More than a month after Israel’s “Operation Guardian of the Walls” ended, construction workers in Gaza are still removing the rubble caused as a result the military campaign that left more than 250 Palestinians dead.
But although the debris is now one of Gaza’s main headaches, the enclave is facing yet another problem, that of excessive amounts of plastic waste that only grow bigger with time. In 2018, for example, Gaza’s two million people produced nearly 800 tonnes of waste a day, 12 percent of which came from plastic.
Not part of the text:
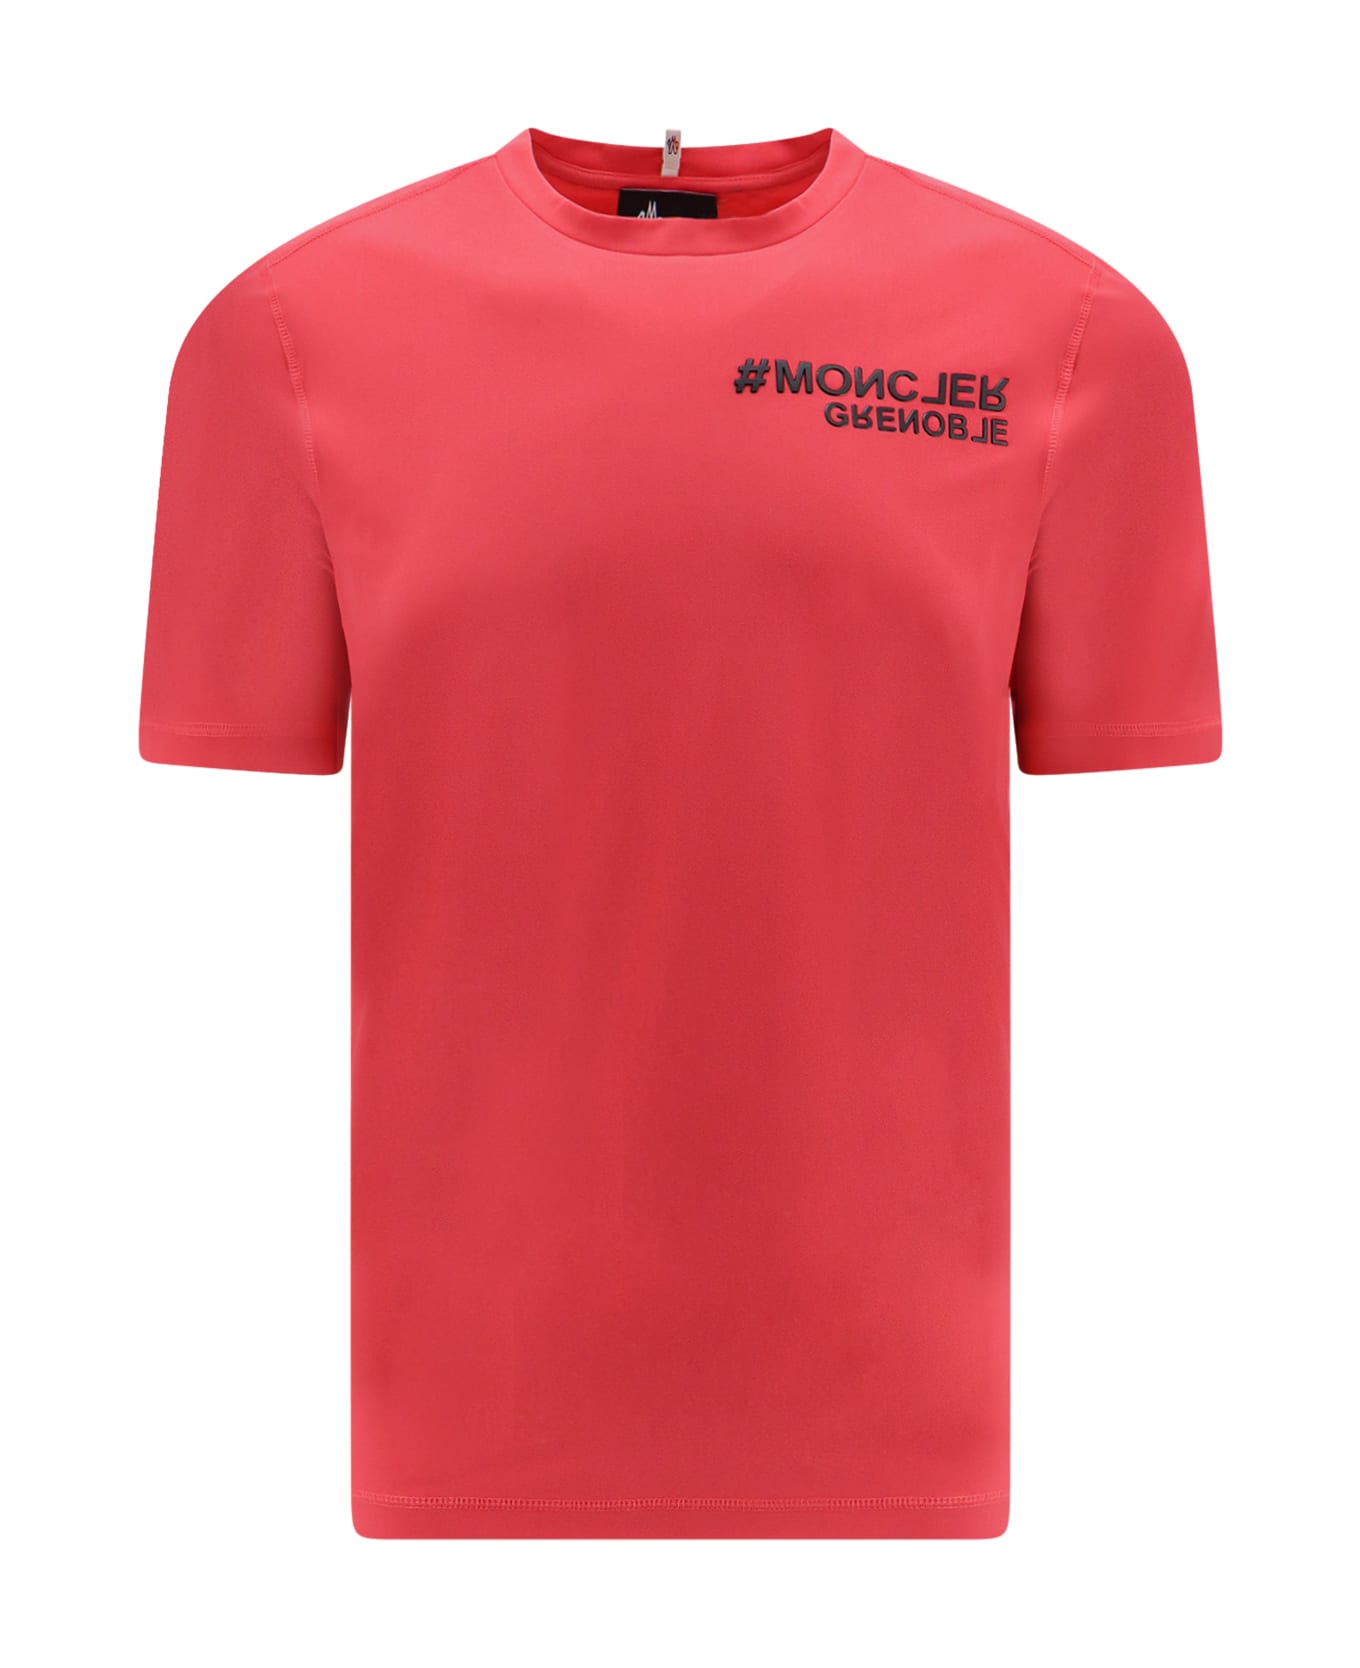 Moncler Grenoble T-shirt - Red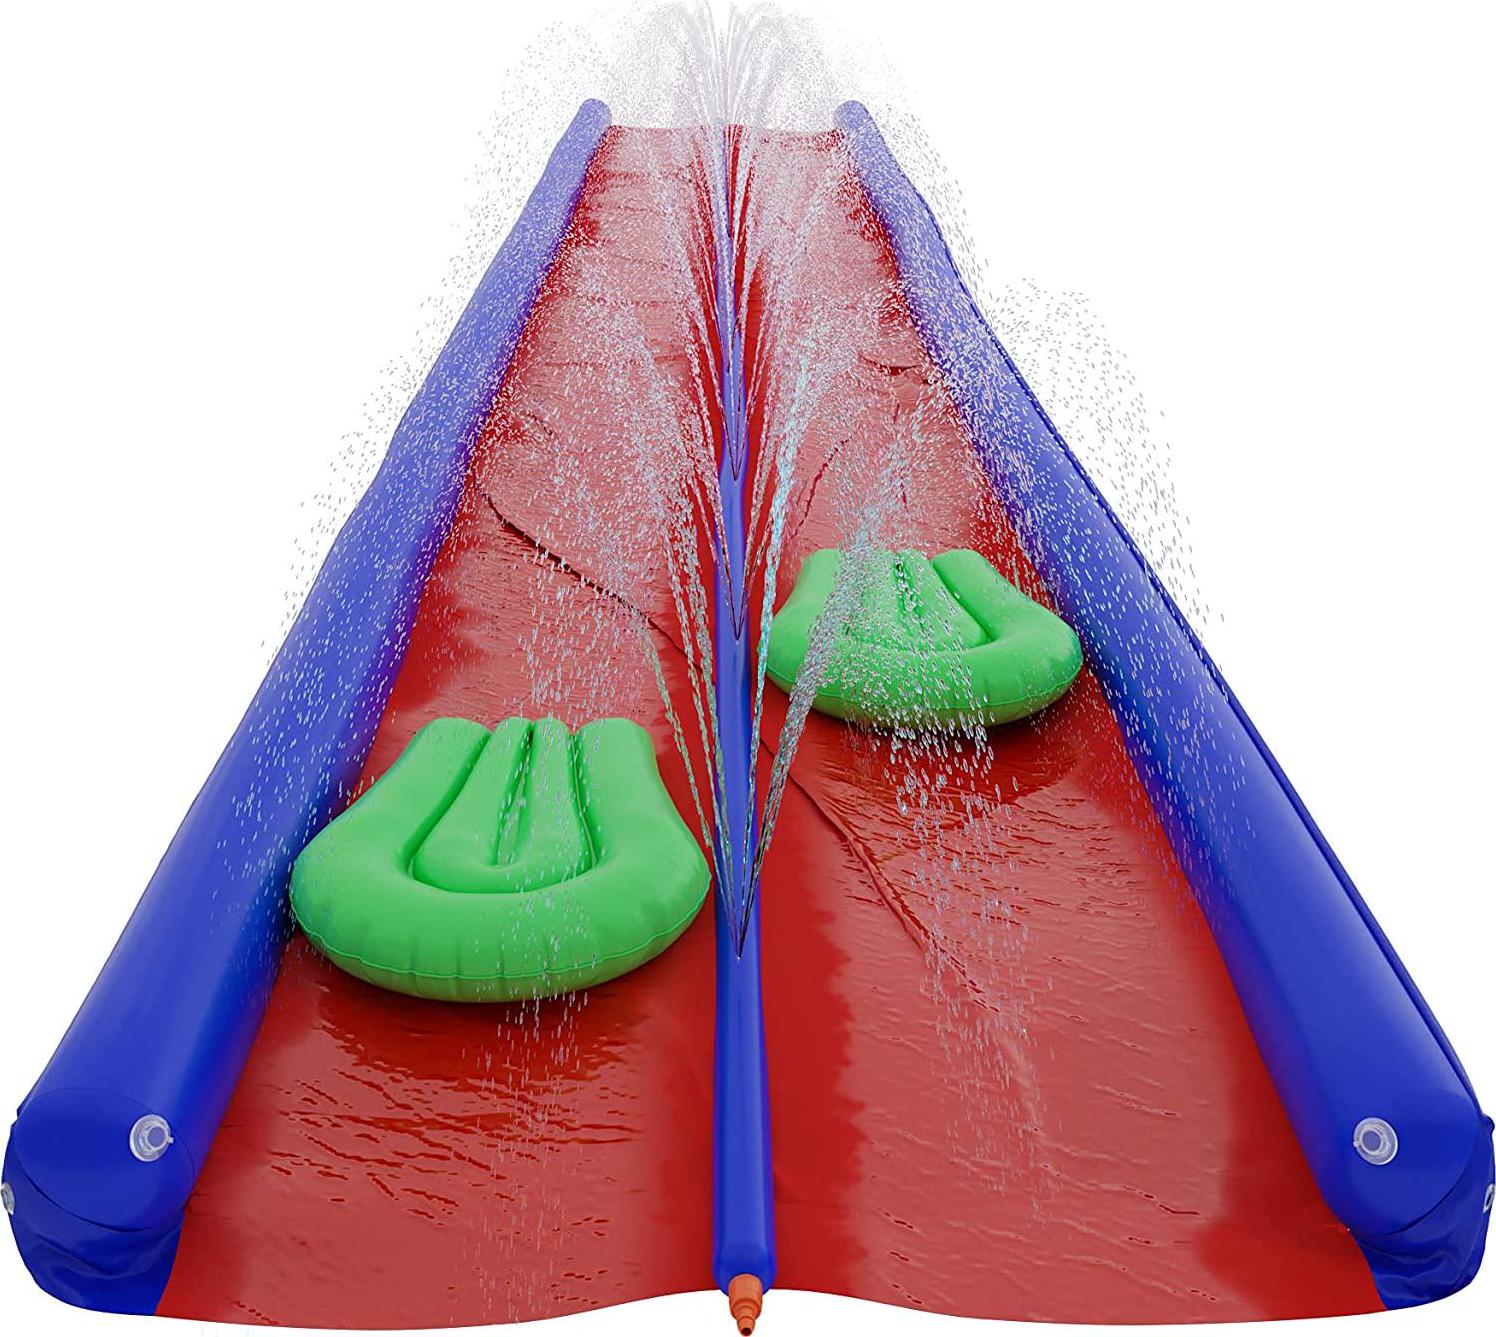 stargo, Giant Backyard Water Spraying Slip and Slide, 25 Feet Slide with 2 Inflatable Sliding inflatables with Built in Sprinkler, Outdoor Sprinkler and Slide

Two years down the line, the daily amount of waste already stood at 2,000 tonnes and Sami Al Naffar, an expert on plastic in the coastal enclave, says the situation is rapidly getting out of hand.
Plastic waste has long been linked to different sorts of cancers, and in an enclave where the disease is already a challenge, the surge in plastic waste has only made the situation worse. It’s also dealt a severe blow to the Strip’s already poor environmental conditions.
The entire area of the Gaza Strip, which is made up of some 370 square kilometres, is serviced by ten municipalities and a Joint Service Council that collectively have a staff of some 1,200 individuals. They also own nearly 500 donkey carts, 76 waste…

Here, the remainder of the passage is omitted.